SCTransNet: Spatial-channel Cross Transformer Network for Infrared Small Target Detection

Infrared small target detection (IRSTD) has recently benefitted greatly from U-shaped neural models. However, largely overlooking effective global information modeling, existing techniques struggle when the target has high similarities with the background. We present a Spatial-channel Cross Transformer Network (SCTransNet) that leverages spatial-channel cross transformer blocks (SCTBs) on top of long-range skip connections to address the aforementioned challenge. In the proposed SCTBs, the outputs of all encoders are interacted with cross transformer to generate mixed features, which are redistributed to all decoders to effectively reinforce semantic differences between the target and clutter at full scales.

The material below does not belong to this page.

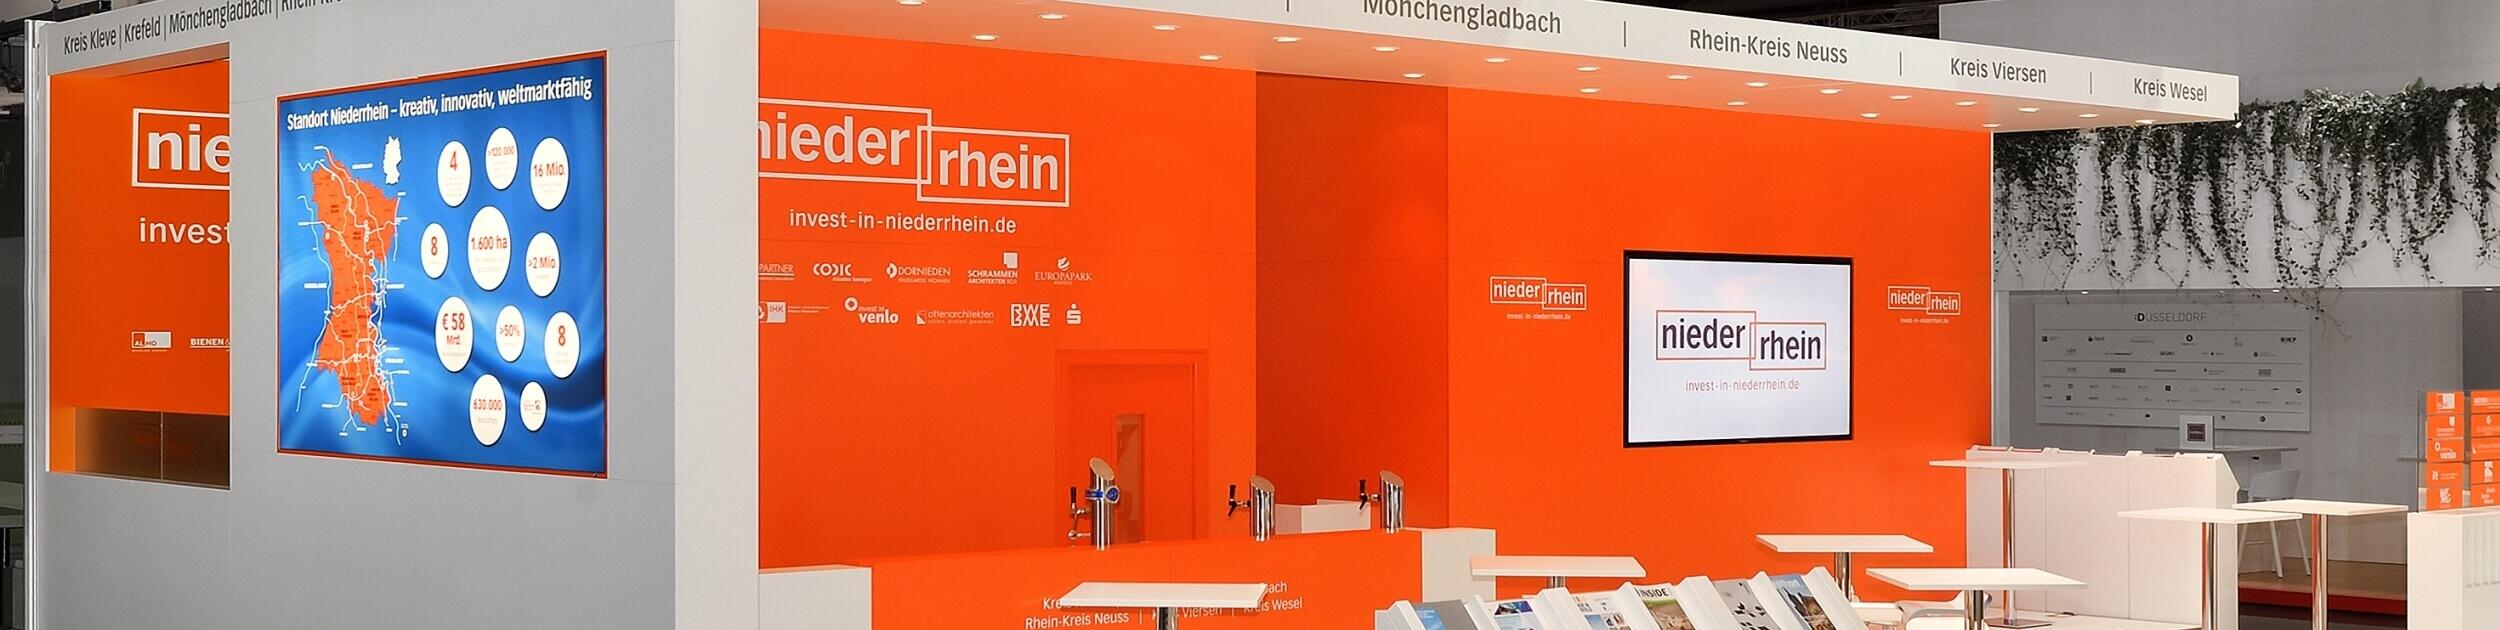 Messestand_Standort_Niederrhein_ExpoReal_Muenchen_ixpo_Messebau

Specifically, SCTB contains the following two key elements: (a) spatial-embedded single-head channel-cross attention (SSCA) for exchanging local spatial features and full-level global channel information to eliminate ambiguity among the encoders and facilitate high-level semantic associations of the images, and (b) a complementary feed-forward network (CFN) for enhancing the feature discriminability via a multi-scale strategy and cross-spatial-channel information interaction to promote beneficial information transfer. Our SCTransNet effectively encodes the semantic differences between targets and backgrounds to boost its internal representation for detecting small infrared targets accurately. Extensive experiments on three public datasets, NUDT-SIRST, NUAA-SIRST, and IRSTD-1k, demonstrate that the proposed SCTransNet outperforms existing IRSTD methods. Our code will be made public at https://github.com/xdFai.

翻译：红外小目标检测（IRSTD）近年来极大受益于U形神经模型。然而，现有技术因大多忽视有效的全局信息建模，在目标与背景具有高度相似性时效果不佳。我们提出一种空间通道交叉Transformer网络（SCTransNet），通过在长程跳跃连接上引入空间通道交叉Transformer模块（SCTB）来解决上述挑战。在提出的SCTB中，所有编码器的输出通过交叉Transformer交互生成混合特征，这些特征被重新分配至所有解码器，从而在全尺度上有效增强目标与杂波之间的语义差异。具体而言，SCTB包含以下两个关键要素：（a）空间嵌入单头通道交叉注意力（SSCA），用于交换局部空间特征与全层级全局通道信息，消除编码器间的模糊性并促进图像高层语义关联；（b）互补前馈网络（CFN），通过多尺度策略与跨空间通道信息交互增强特征判别性，促进有益信息传递。我们的SCTransNet有效编码了目标与背景间的语义差异，增强其内部表征能力以实现红外小目标的精确检测。在三个公开数据集NUDT-SIRST、NUAA-SIRST和IRSTD-1k上的大量实验表明，所提出的SCTransNet优于现有IRSTD方法。我们的代码将开源至https://github.com/xdFai。